Firms across Europe and North America struggle to use information for competitive advantage
June 2014 by PwC and Iron Mountain
Organisations understand that information has value but are more concerned with defending their information against data breaches or legal action than they are with using it to drive competitive advantage and growth, according to a new report by storage and information management company Iron Mountain and PwC.
The 2014 Information Risk Maturity Index explores how mid-market and enterprise-level businesses in Europe and North America protect their information and use it for business benefit. Around three quarters of the companies surveyed (72 per cent in Europe and 79 per cent in North America) regard information as a business asset, yet on average just 35 per cent employ data analysts to extract value from their information.

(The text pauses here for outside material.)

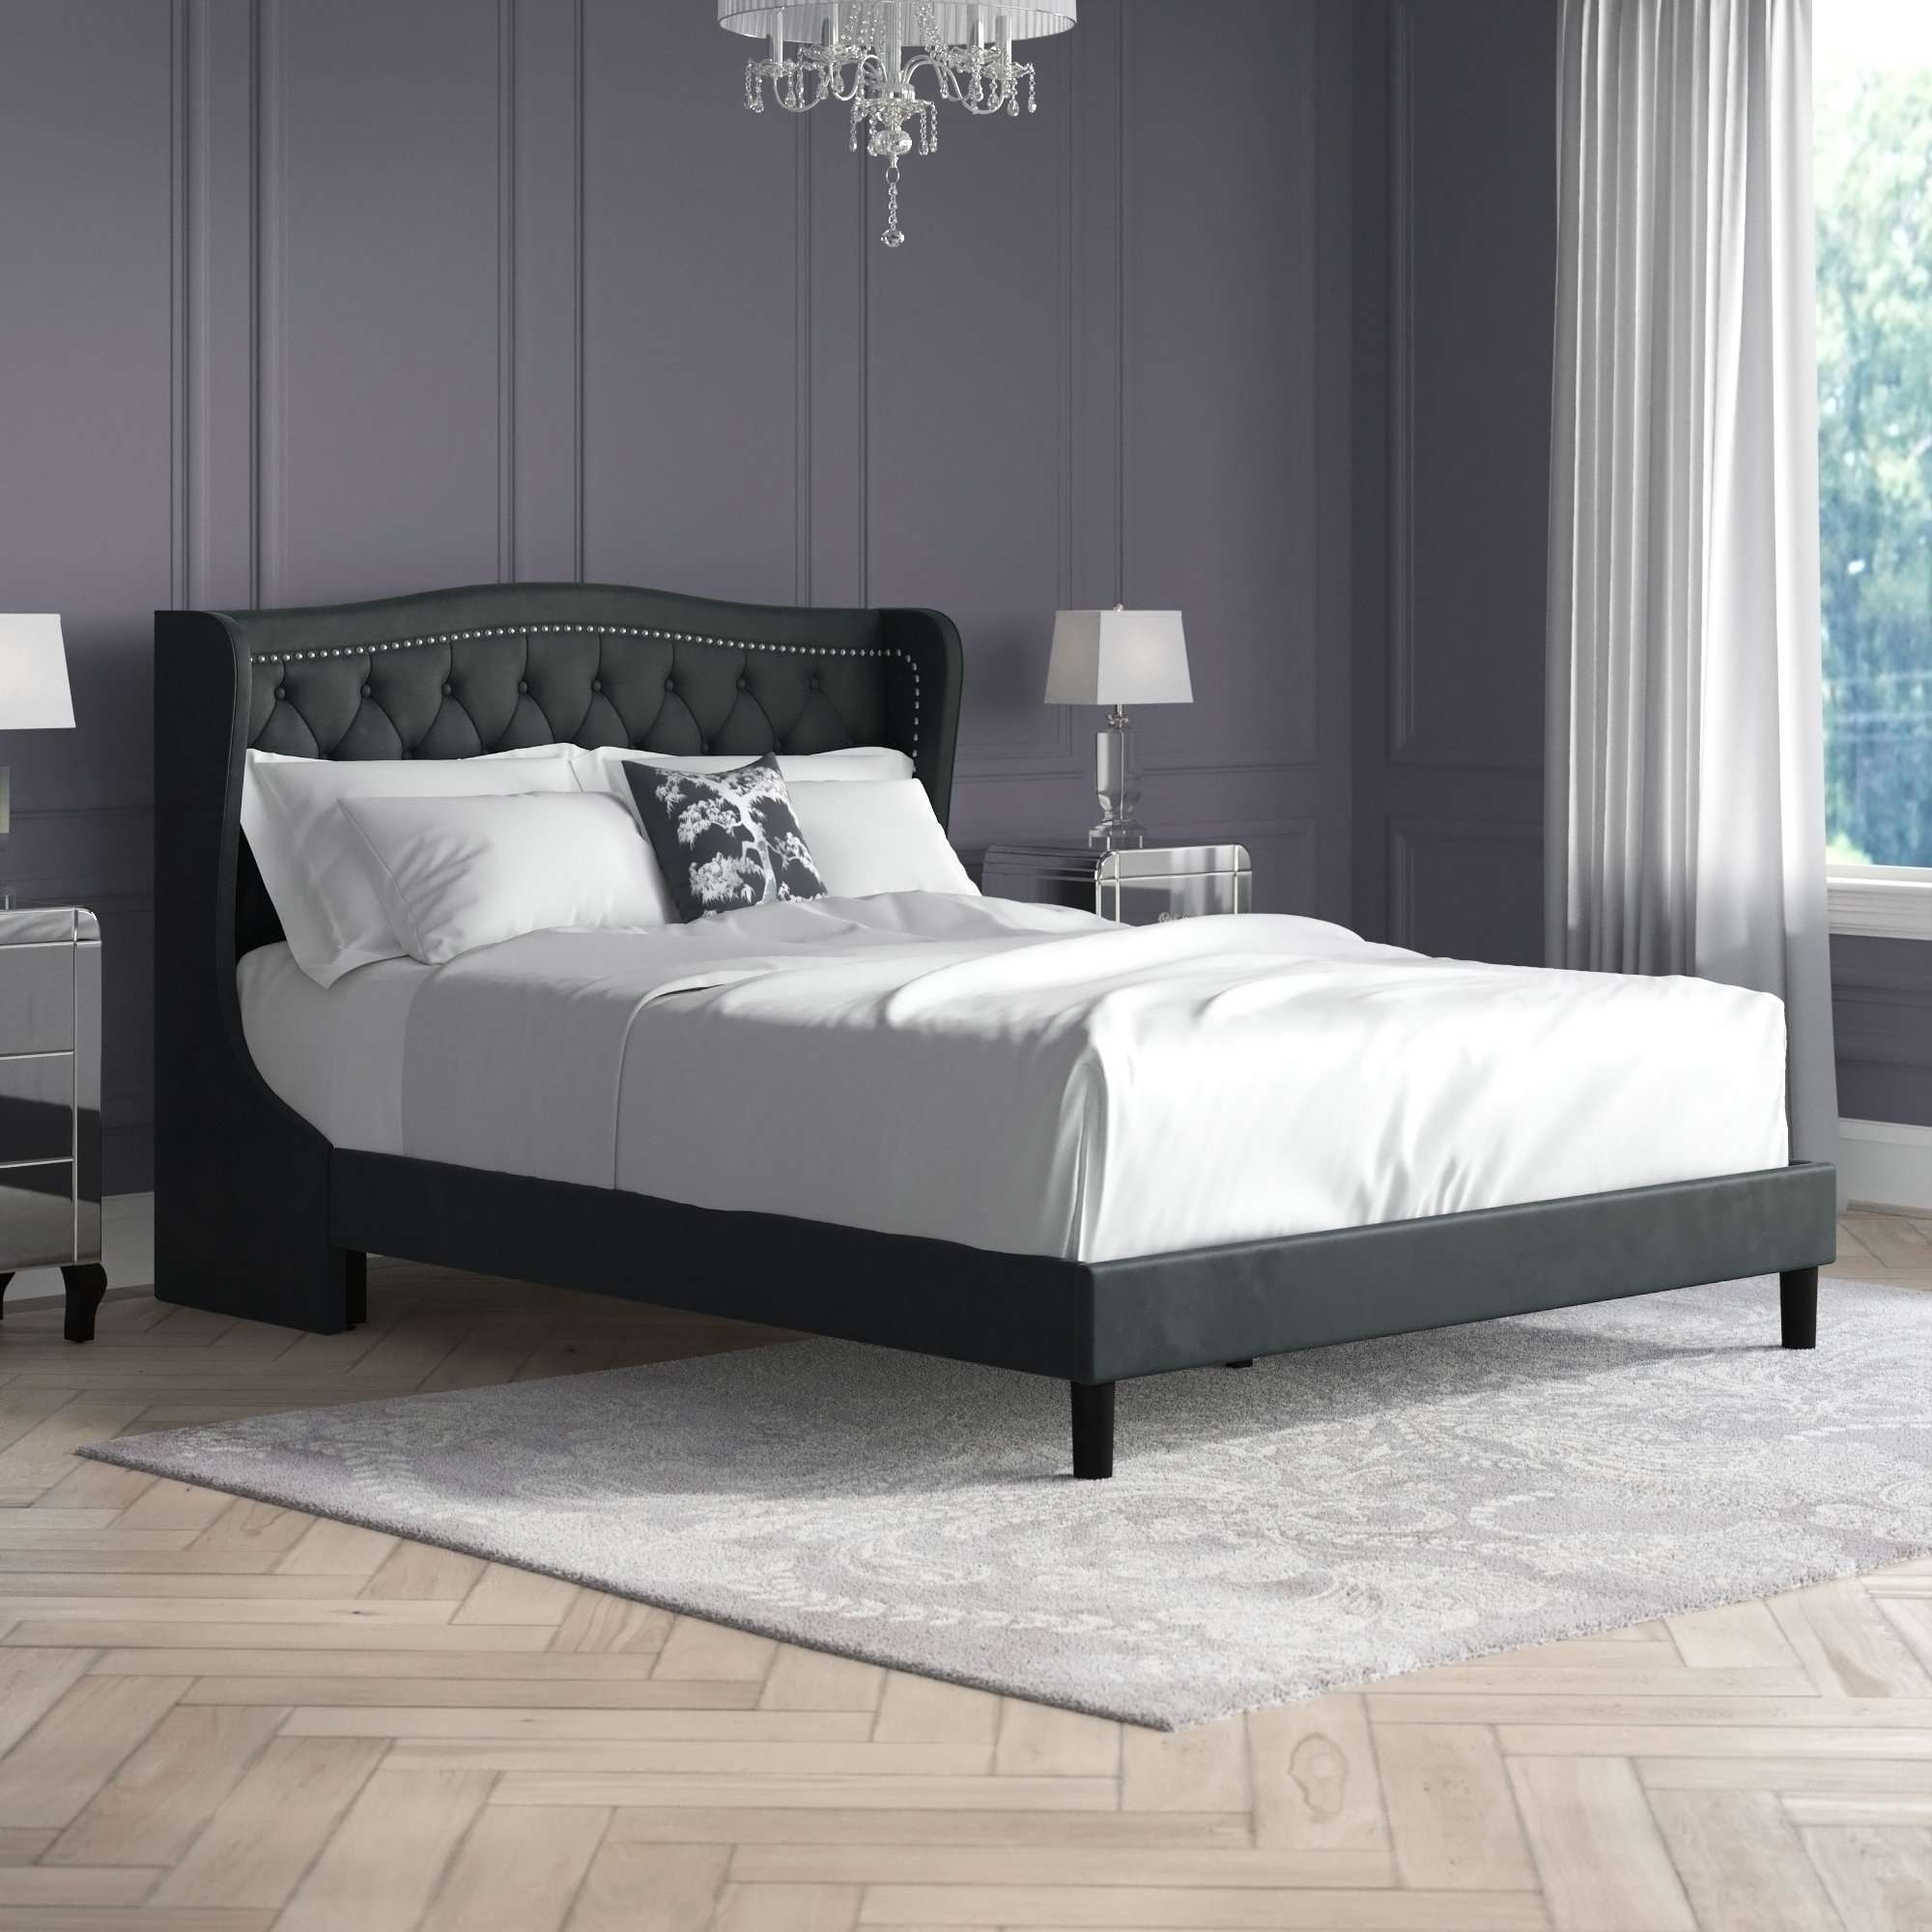 https://assets.wfcdn.com/im/11712576/compr-r85/2287/228762209/lyndhur-453-h-tufted-velvet-upholstered-low-profile-standard-bed-platform-bed-frame.jpg

Respondents acknowledge that information has helped them to improve their decision-making, understand their customers better and drive revenue, but its potential in other key areas remains underexploited. Just half (51 per cent) of European firms, rising to 65 per cent in North America are using information to enhance product or service innovation. Only around a quarter (21 per cent in Europe and 28 per cent in North America) use information to increase their speed to market, while at most one in ten (10 per cent in Europe, 4 per cent in North America) say that information has boosted product or service development cycles.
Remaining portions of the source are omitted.